They disappeared a couple of decades ago however so presumably the idea didn't catch on with consumers.

----------


## autogenous

_The new Cree 10 watt LEDs put out about the same amount of light as the 50 watt halogens...but they'll cost ya' $60 each _ They will last you 10 times more/longer than any of the other environmentally poisonous light globes._  _ They also use a fraction of the electricity of any of the other lights as well.When energy gets even more expensive beyond its cost now people will be even more considerate considering they pay bucket loads for down lights now. 
They wont set your insulation/house on fire either.

----------


## watson

*Just a Note:*
There's now a new section on  *LIghting* in the Library.
Any ideas for additions are welcome.

----------


## Billy22Bob

So are any of these "non-halogen" alternatives economic if you factor in dimming functionality? 
Halogens can at least be dimmed down (cozy lighting) and to save some power (not all of course).
I installed 50 odd cheapie halogens on 5 circuits recently on dimmers - at minimum brightness they still allow you to see (cozy) and power consumption is down 70% on each active going into the dimmer.
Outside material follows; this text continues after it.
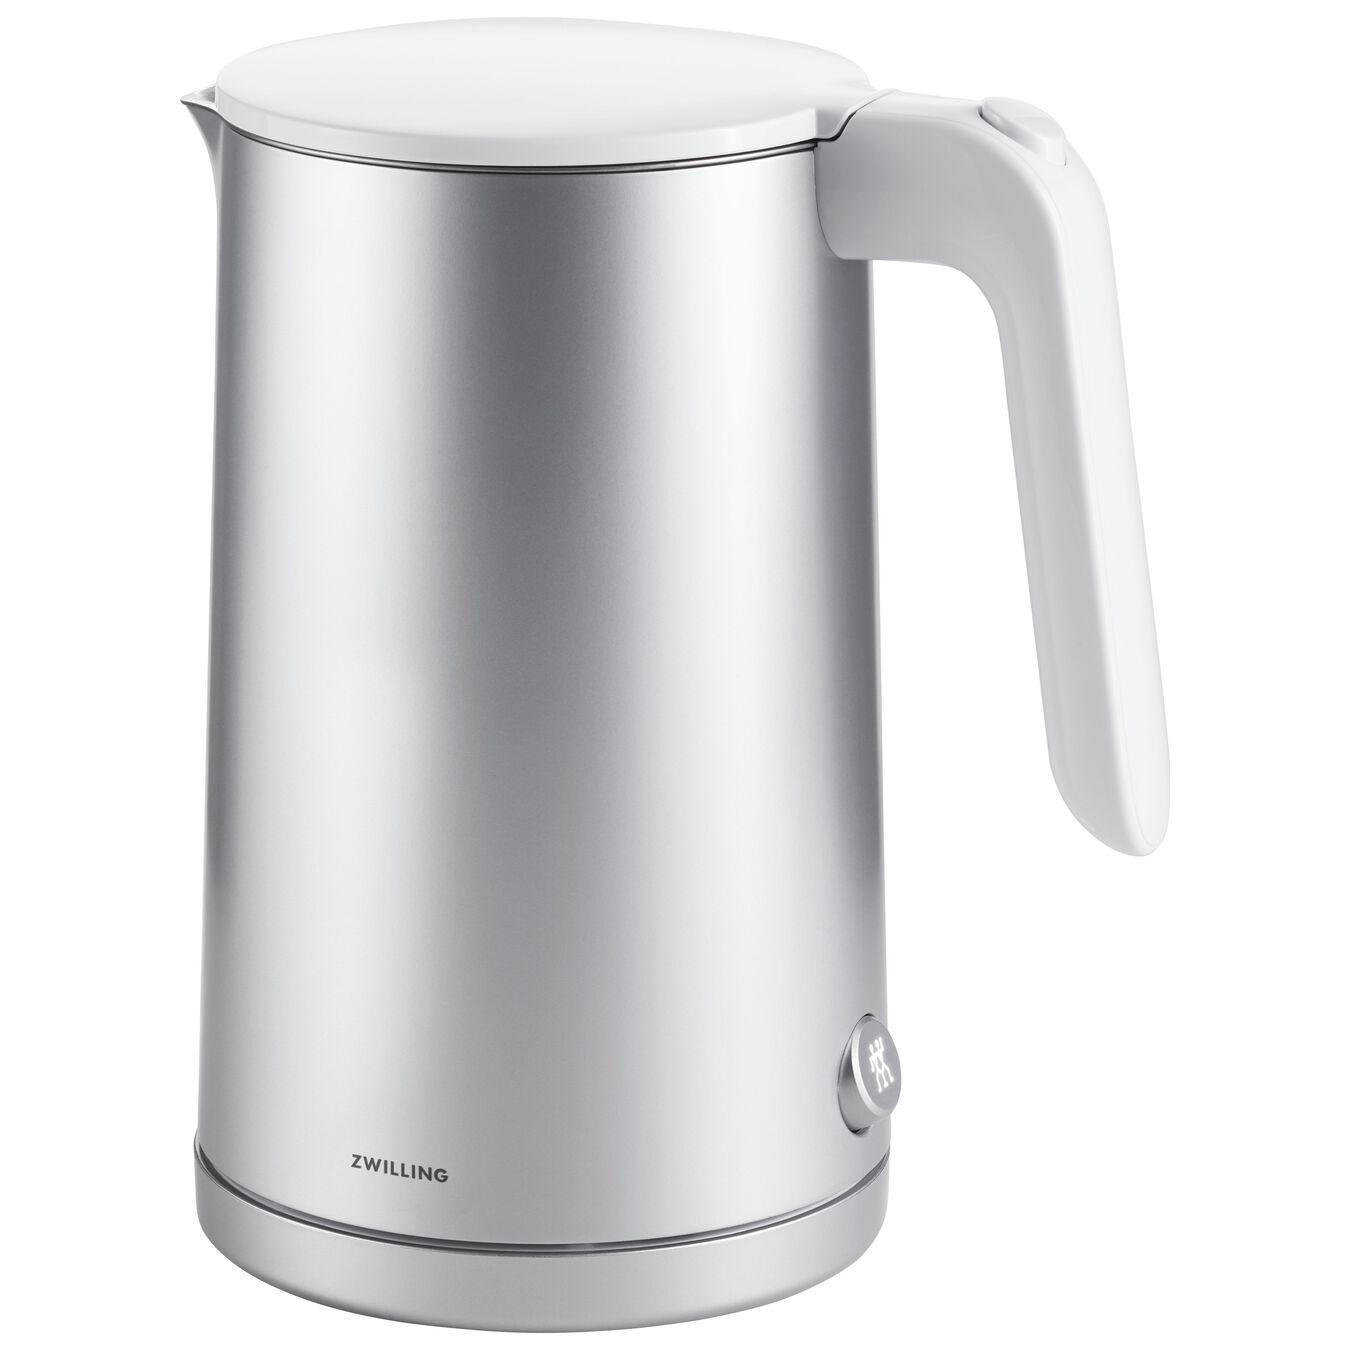 Wasserkocher, 1,5 l, Silber,,large 4
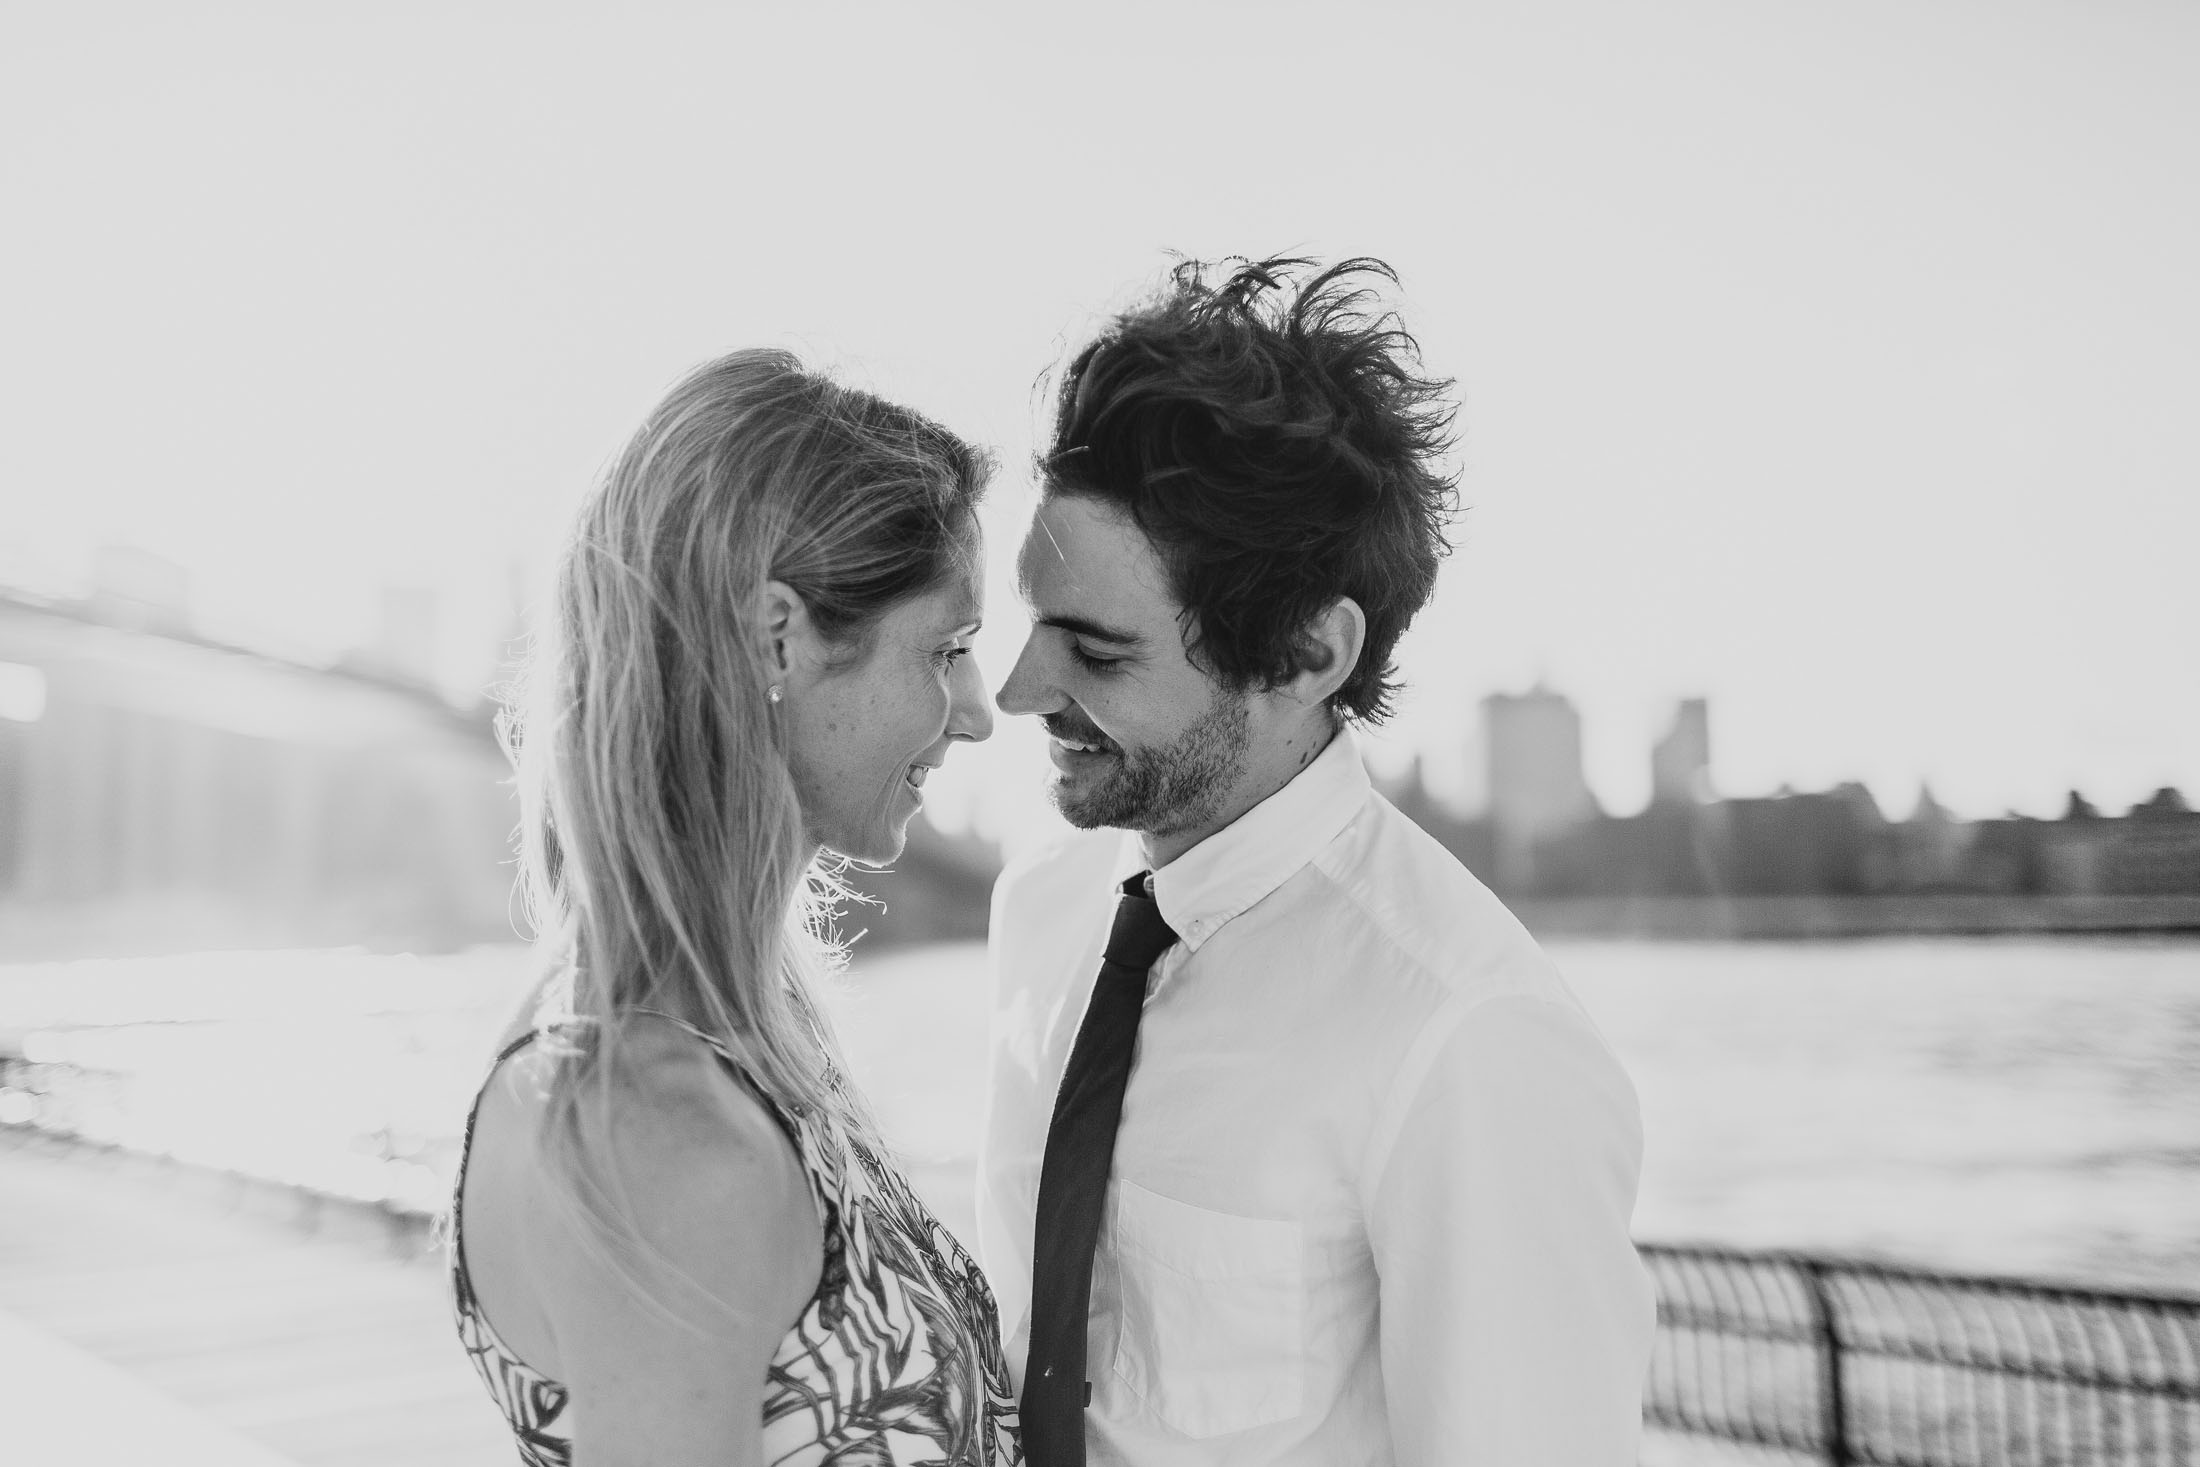 35 finch and oak engagement wedding photographer gold coast new york brooklyn.jpg

Of course that's still a Sh#t load of power for the lgith you get, but plan was to have them wired and when LED technology is cheap, diammable and "cozy" I'd change them over. 
Also - I dont think LED's are as efficient as CFL's since it depends on the Lumens/m2/watt - LEDs tend to be a more focused light (lower angle of dispersion) so when normalised, their Lumens/m2/watt at the same distance is slightly lower. Also you need to compare these bulbs at 2500K colour temperature too - CFLs and LED loose quite a lot of efficieny at these K's. 
b22b

----------


## Armers

I chose the CFLs in the end, the way i combated the "cozy" mood was in the lounge room have the 4 llights on two switches. to give me the 50% lighting i wanted. Because the area is in an open plan we don't have to have all 4 or 8 or how ever many i end up with in that section turned on all the time.  
I am happy with my choice. I've seen CFLS work well, as have many people here I just pray the GU10 socket hangs around for many years yet! 
Cheers
Armers

----------


## jago

Armers. 
I understand your sparkies point about going the halogen route if you only plan to stay 5 years or so; CFL's are doomed as they are a hazard for councils to dispose of and not many are buying them (according to my local lighting shops), lightning manfacturers are putting their eggs in one basket L.E.D, halogens produce a nice light and spread (35watt wide beam) but cost a fortune to run and they are also outdated, both will be around for 5 years or so. 
So go with the light colour you like the best, personaly I cannot stand the colour give off by either L.E.D or CFL way too cold.

----------


## Armers

Thanks for your comments Jago... I have chosen the CFLs in the end. I am ok with the light given off by these globes.. Over the next couple of years hopefully LED's become decently priced so i'll change them over then.  
Cheers
Armers

----------


## president_ltd

> Armers. 
> I understand your sparkies point about going the halogen route if you only plan to stay 5 years or so; CFL's are doomed as they are a hazard for councils to dispose of and not many are buying them (according to my local lighting shops), lightning manfacturers are putting their eggs in one basket L.E.D, halogens produce a nice light and spread (35watt wide beam) but cost a fortune to run and they are also outdated, both will be around for 5 years or so. 
> So go with the light colour you like the best, personaly I cannot stand the colour give off by either L.E.D or CFL way too cold.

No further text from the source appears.